» **What the task requires**:
Output the data below exactly as it is, dropping the pictures from your copy.

» **Collected data**:
========================================

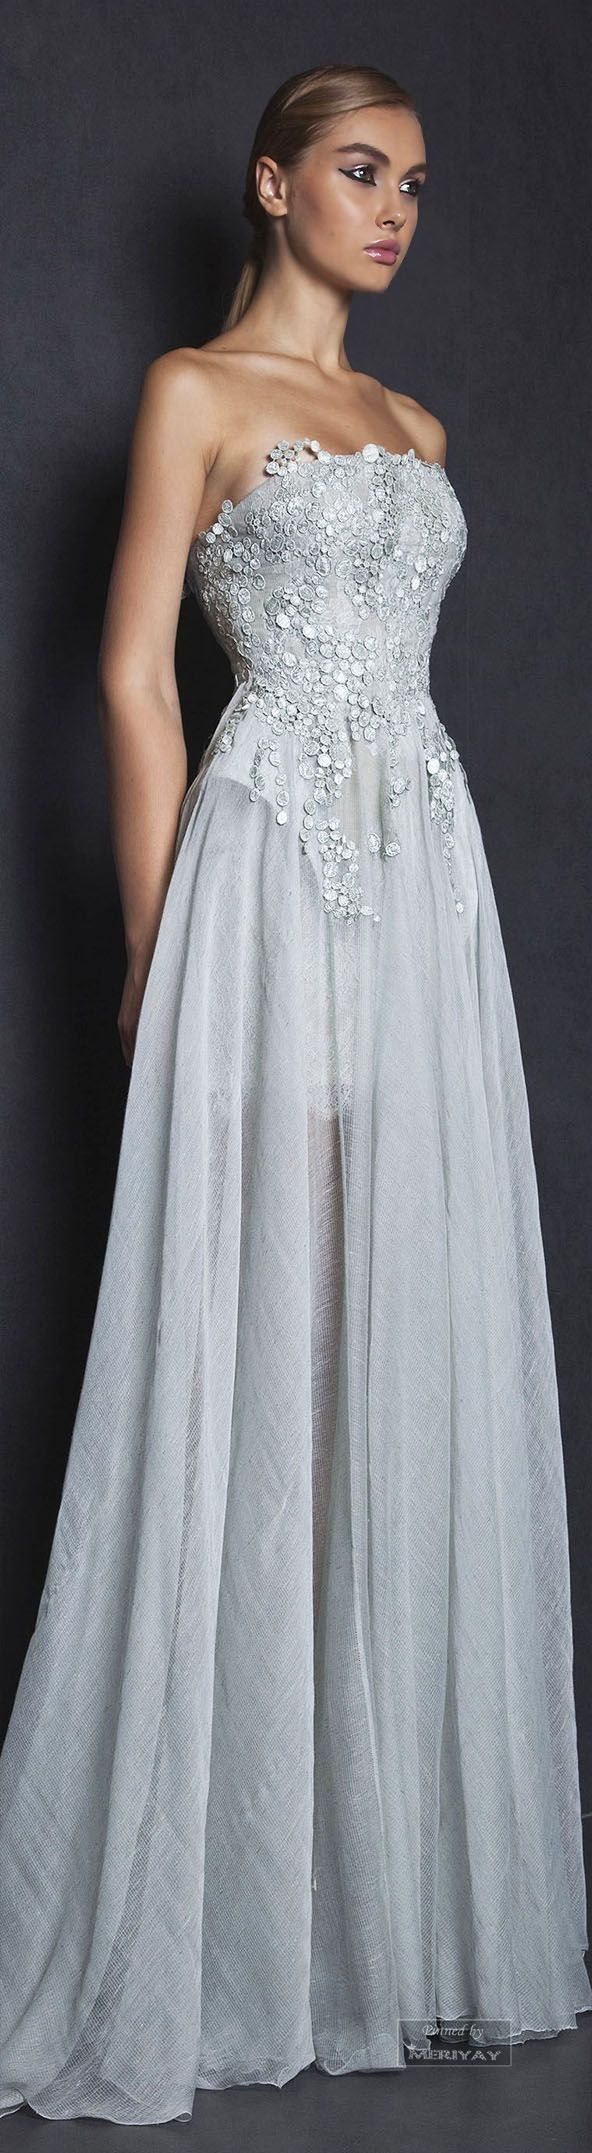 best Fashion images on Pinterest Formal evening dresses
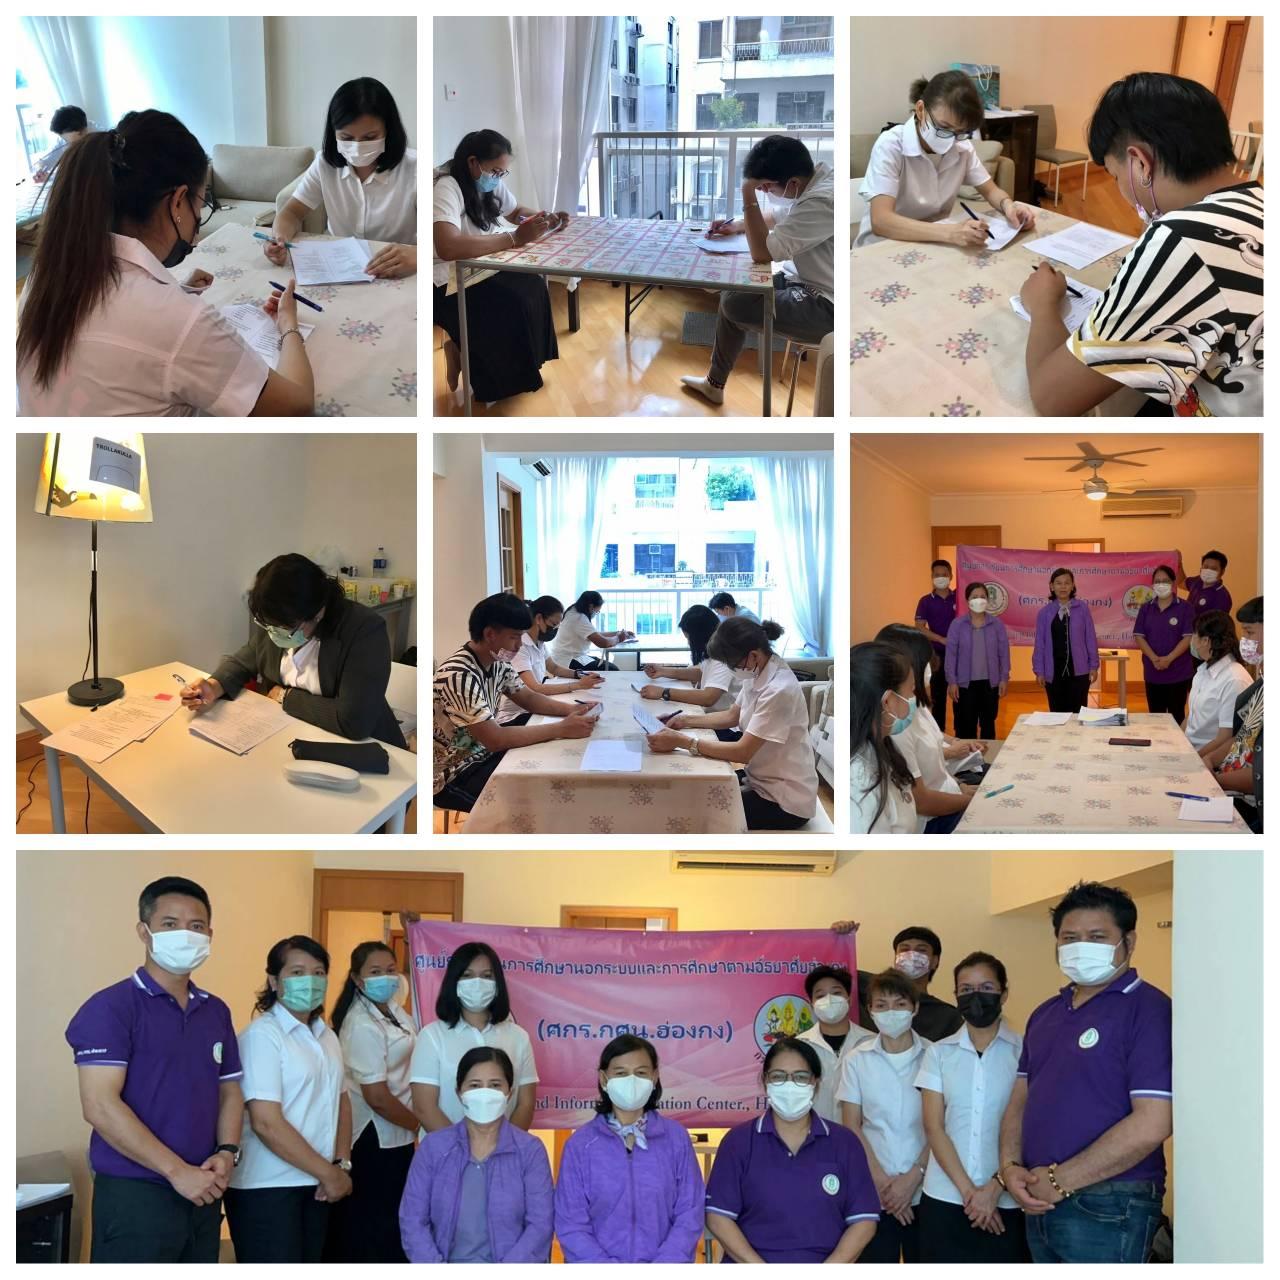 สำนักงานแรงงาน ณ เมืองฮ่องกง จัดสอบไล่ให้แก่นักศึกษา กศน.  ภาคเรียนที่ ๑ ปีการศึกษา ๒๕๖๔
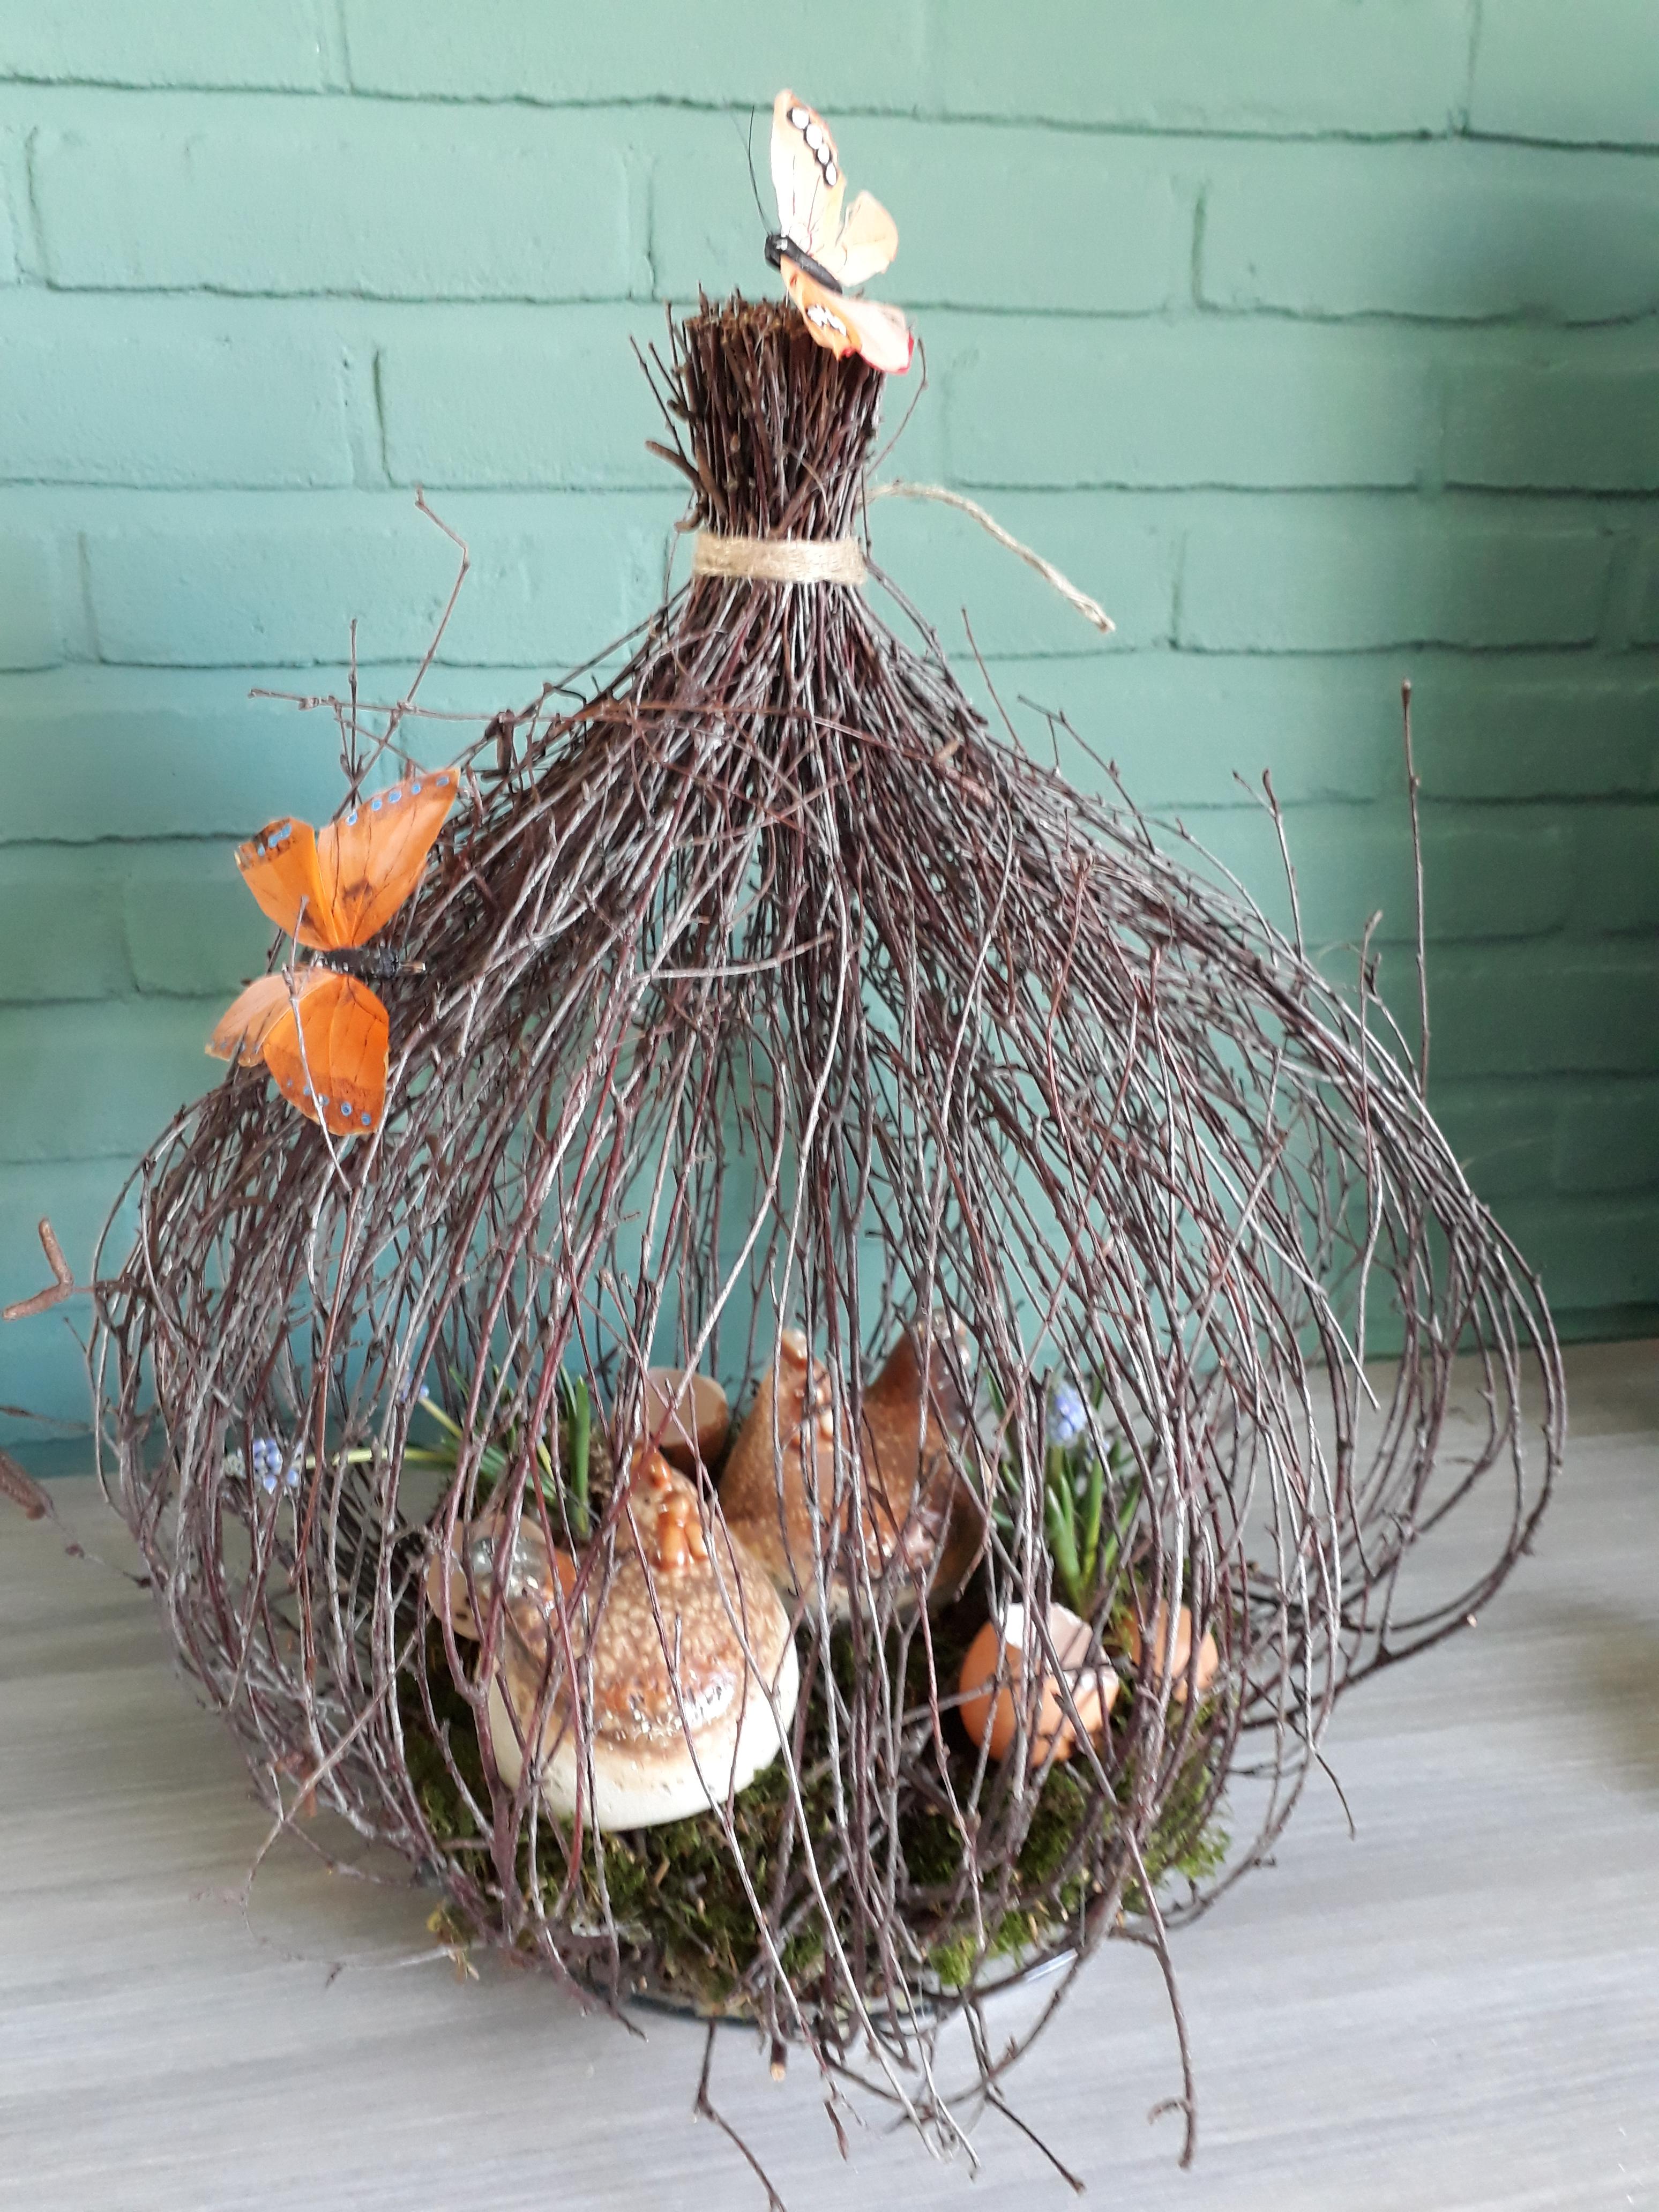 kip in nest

========================================

» **Response box**:
 best Fashion images on Pinterest Formal evening dresses
 สำนักงานแรงงาน ณ เมืองฮ่องกง จัดสอบไล่ให้แก่นักศึกษา กศน.  ภาคเรียนที่ ๑ ปีการศึกษา ๒๕๖๔
 kip in nest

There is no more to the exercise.